The Failure of Operation-Market-Garden and Battle of the Dikes
Below you will find the details of Operation-Market-Garden and Battle of the Dikes ... The Battle of the Scheldt, also known as "Battle of the Dikes” was a series of military operations which took place in northern Belgium and the southwestern Netherlands during the Second World War from October 2 to November 8 of 1944.
By September, 1944, it had become urgent for the Allies to clear both banks of the Scheldt in order to open the port of Antwerp to Allied shipping. Since the Allied forces had landed in Normandy, France on D-Day, June 6, 1944, the British Second Army had pushed forward into the Low Countries and captured Brussels and Antwerp, the latter with its ports still intact. But the advance halted with the British in possession of Antwerp, while the Germans still controlled the Scheldt Estuary.
Nothing was done about the blocked Antwerp ports during September because most of the strained Allied resources were allocated to Operation-Market-Garden, a bold plan for a single thrust into Germany which began on September 17. In the meantime, German forces on the Scheldt were able to plan a defense.
By early October, after Operation-Market-Garden had failed with heavy losses, Allied forces led by the First Canadian Army set out to bring the Antwerp port under control. But the well-established German defenders staged an effective delaying action. Complicated by the waterlogged terrain, the Battle of the Scheldt proved to be an especially grueling and costly campaign. Historians have largely ignored it until recent years.
Return to Belgium Culture
The Calgary fighters would be more successful by securing Woensdrecht, Beveland and Walcheren.

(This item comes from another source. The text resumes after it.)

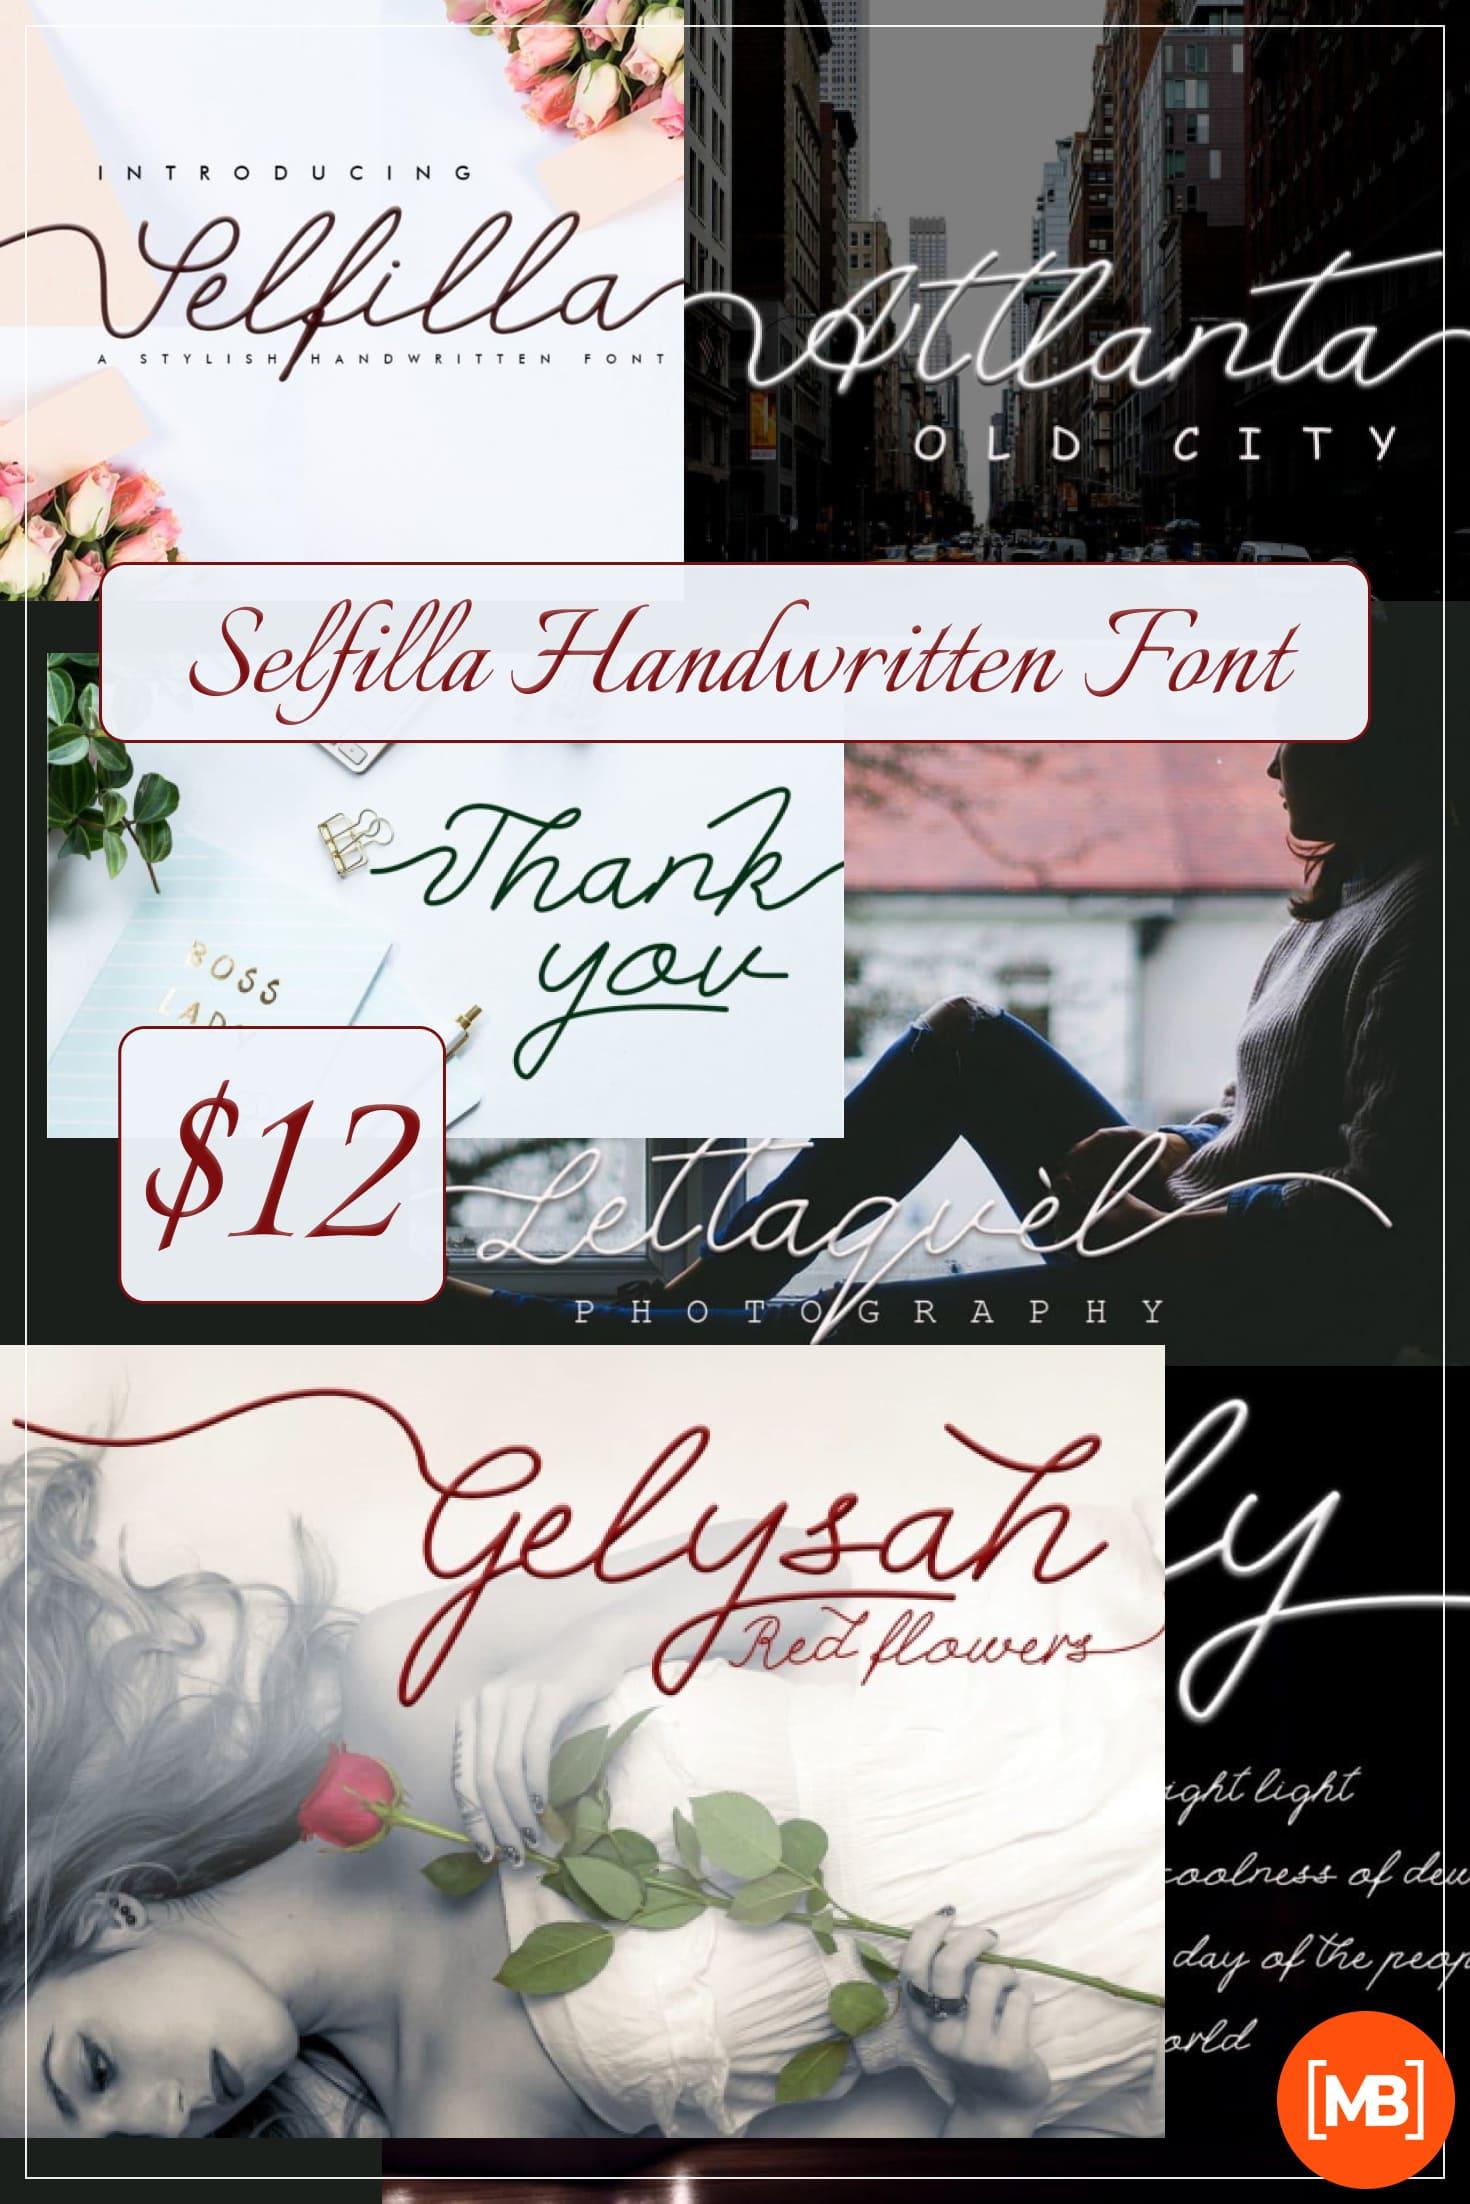 Pinterest Image: Selfilla Handwritten Font - $12.

The Canadians achieved their first objective, but suffered a lot of casualties.
At this point, field-marshal Montgomery him self recognized the opportunity and he issued the direct opening of the Scheldt as a top priority.
The British armies launched operation Switchback that would liberate the cities Knokke and Sea Bruges eliminating all German forces south of the Scheldt.
With operation Vitality, the British 52nd and the Canadian 6th would clear the canal line from German forces. This was part III of clearing the Scheldt.
The fourth phase was operation Infatuate. The island of Walcheren still was in German hands and clearing this was necessary to open the port of Antwerp.After five weeks of difficult fighting, the First Canadian Army, bolstered by attached troops from several other countries, was successful in winning the Scheldt after numerous amphibious assaults, crossing of canals, and fighting over open ground. Both land and water were mined, and the Germans defended their retreating line with artillery and snipers.
The Allies finally cleared the port areas on November 8, but at a cost of 12,873 Allied casualties (killed, wounded, or missing), half of them Canadians.
Once the German defenders were no longer a threat, it was an additional three weeks before the first ship carrying Allied supplies was able to unload in Antwerp (on November 29, 1944) due to the necessity of de-mining the harbor.
At the end of this 5 week campaign, Canadian soldiers captured more then 40,000 German prisoners.
Germany recognized the importance of their loss and would try to recapture Antwerp in the battle of the Bulge. They also tried to destroy the harbor by firing more then half of the V2 bombs they had on Antwerp. The German troops were too weak though to prevent that the allied forces advanced from Paris to the Rhine witch would be one of the final phases of the Western Europe Campaign.